Work request ->
Please repeat only the lines below starting at the line that holds "Paire de deux" and ending at the line that holds "Ce modèle de", exactly, with both of those lines included and every picture omitted.

Supplied material ->
◆ ◆ ◆ ◆ ◆ ◆ ◆

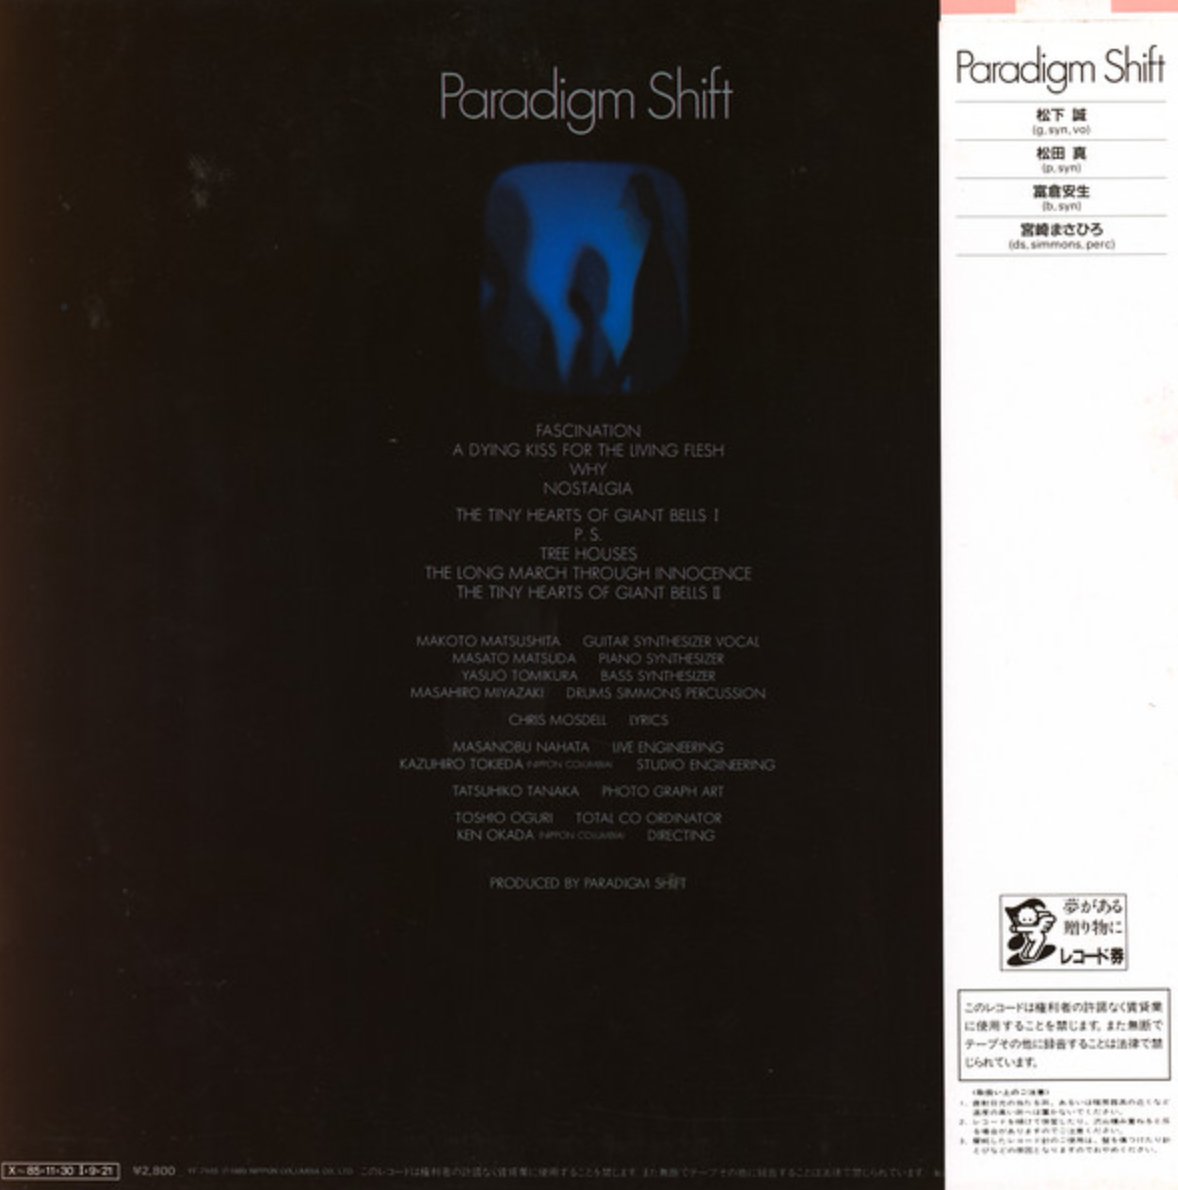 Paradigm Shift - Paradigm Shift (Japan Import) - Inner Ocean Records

◆ ◆ ◆ ◆ ◆ ◆ ◆

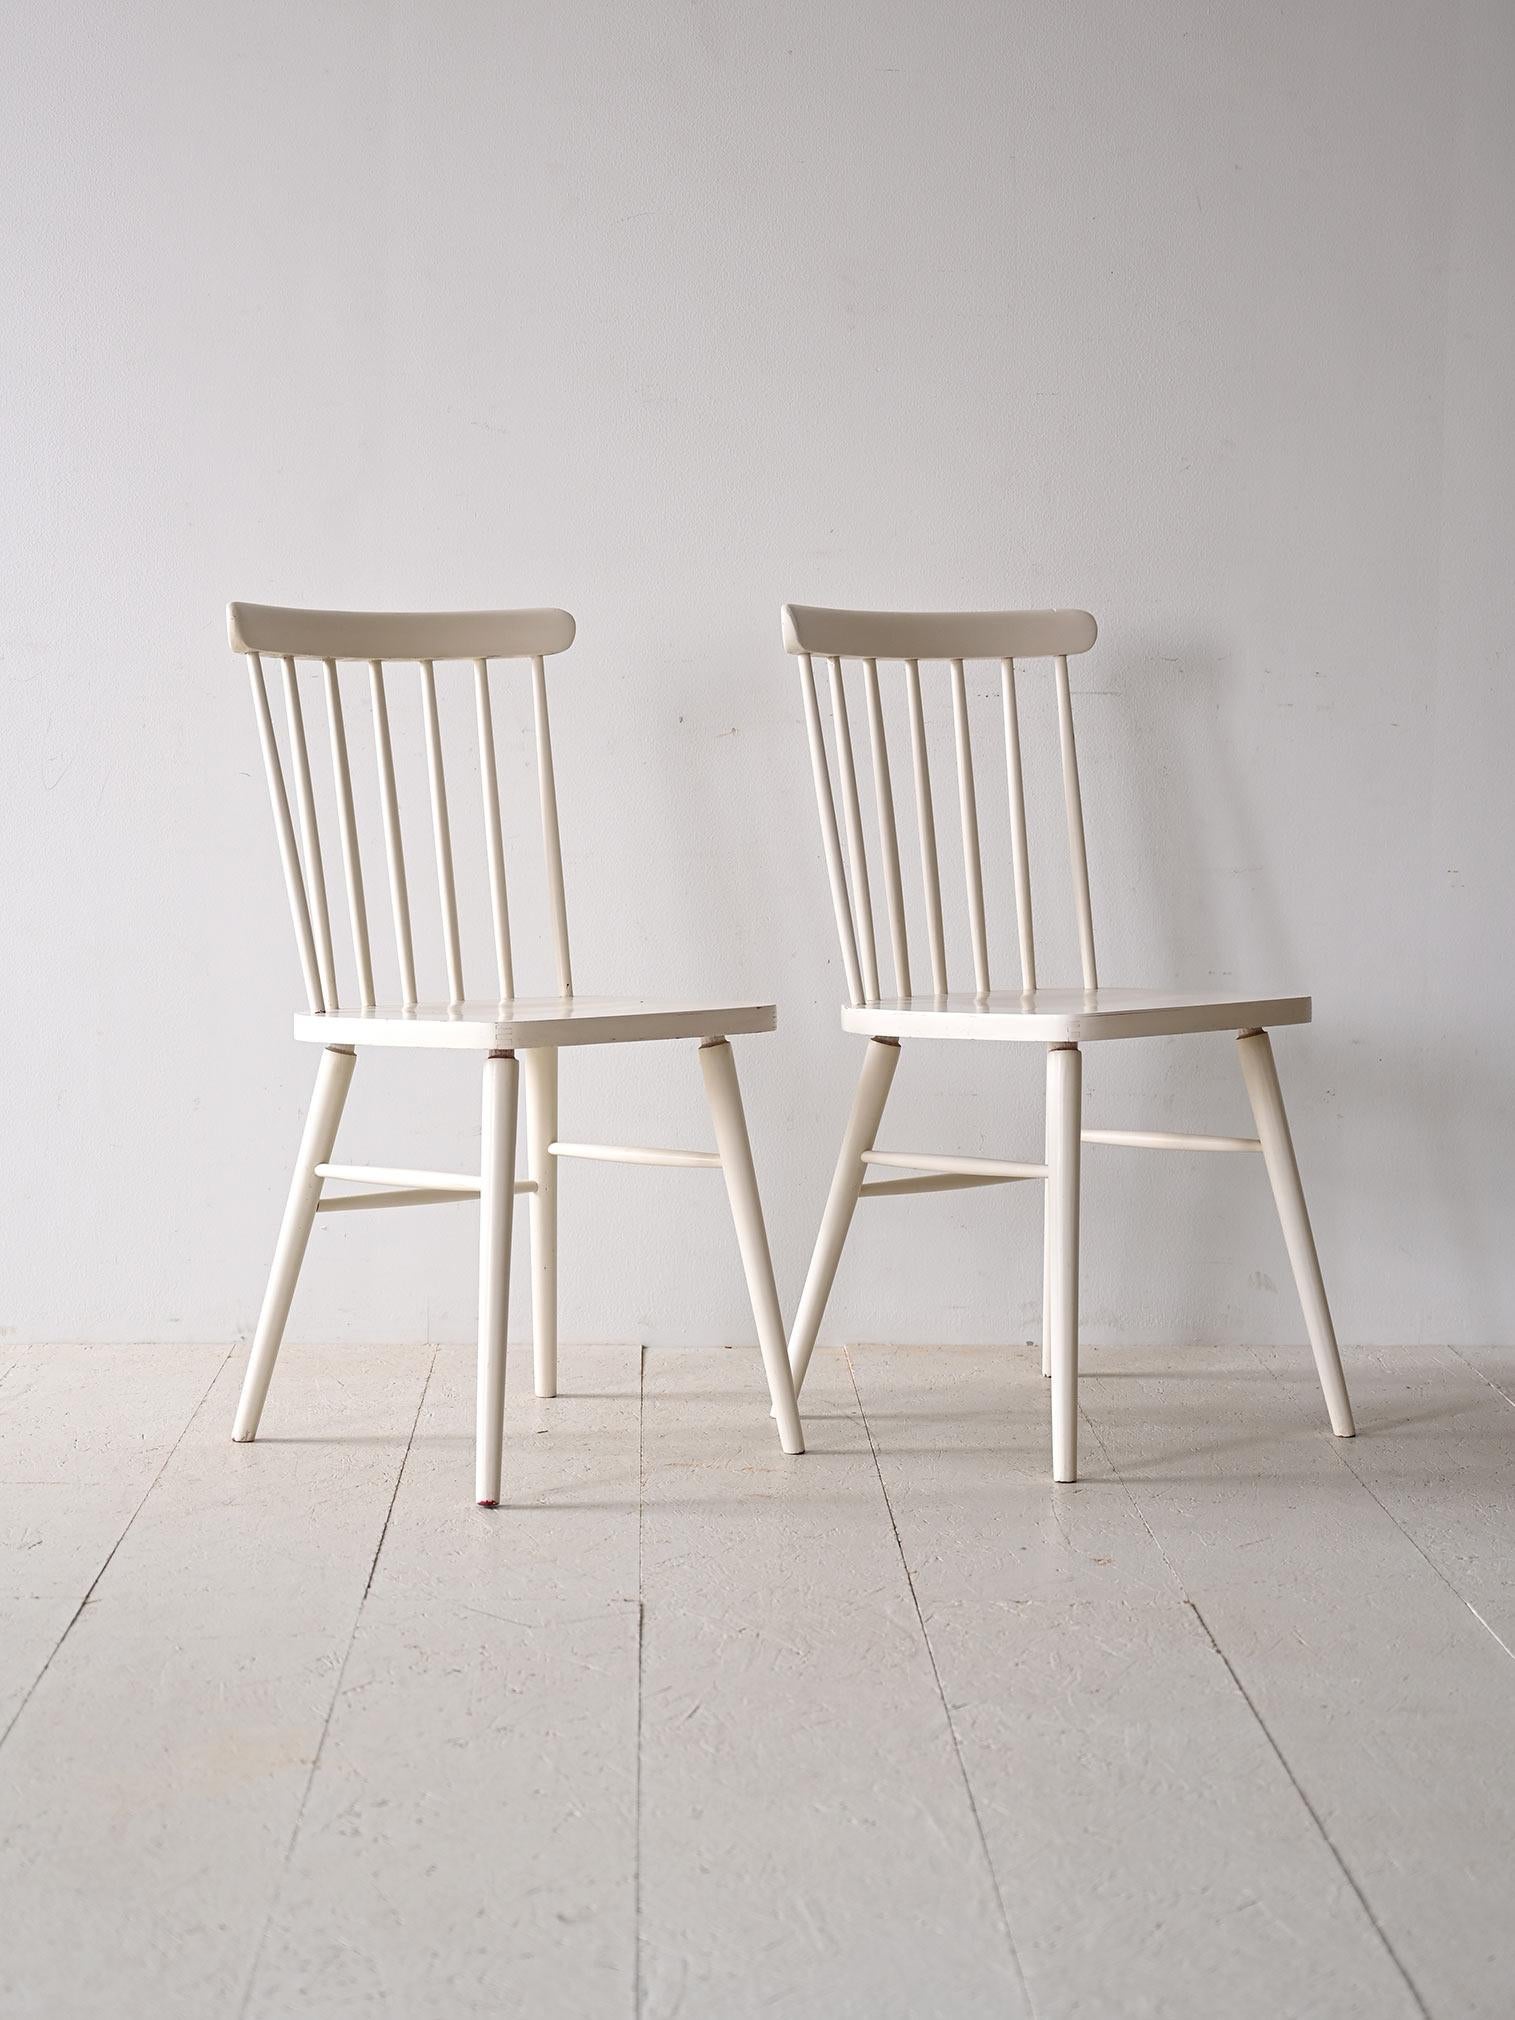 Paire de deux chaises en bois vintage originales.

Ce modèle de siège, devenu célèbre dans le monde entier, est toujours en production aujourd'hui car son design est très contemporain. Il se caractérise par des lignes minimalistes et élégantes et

◆ ◆ ◆ ◆ ◆ ◆ ◆

Solution ->
 Paire de deux chaises en bois vintage originales.

Ce modèle de siège, devenu célèbre dans le monde entier, est toujours en production aujourd'hui car son design est très contemporain. Il se caractérise par des lignes minimalistes et élégantes et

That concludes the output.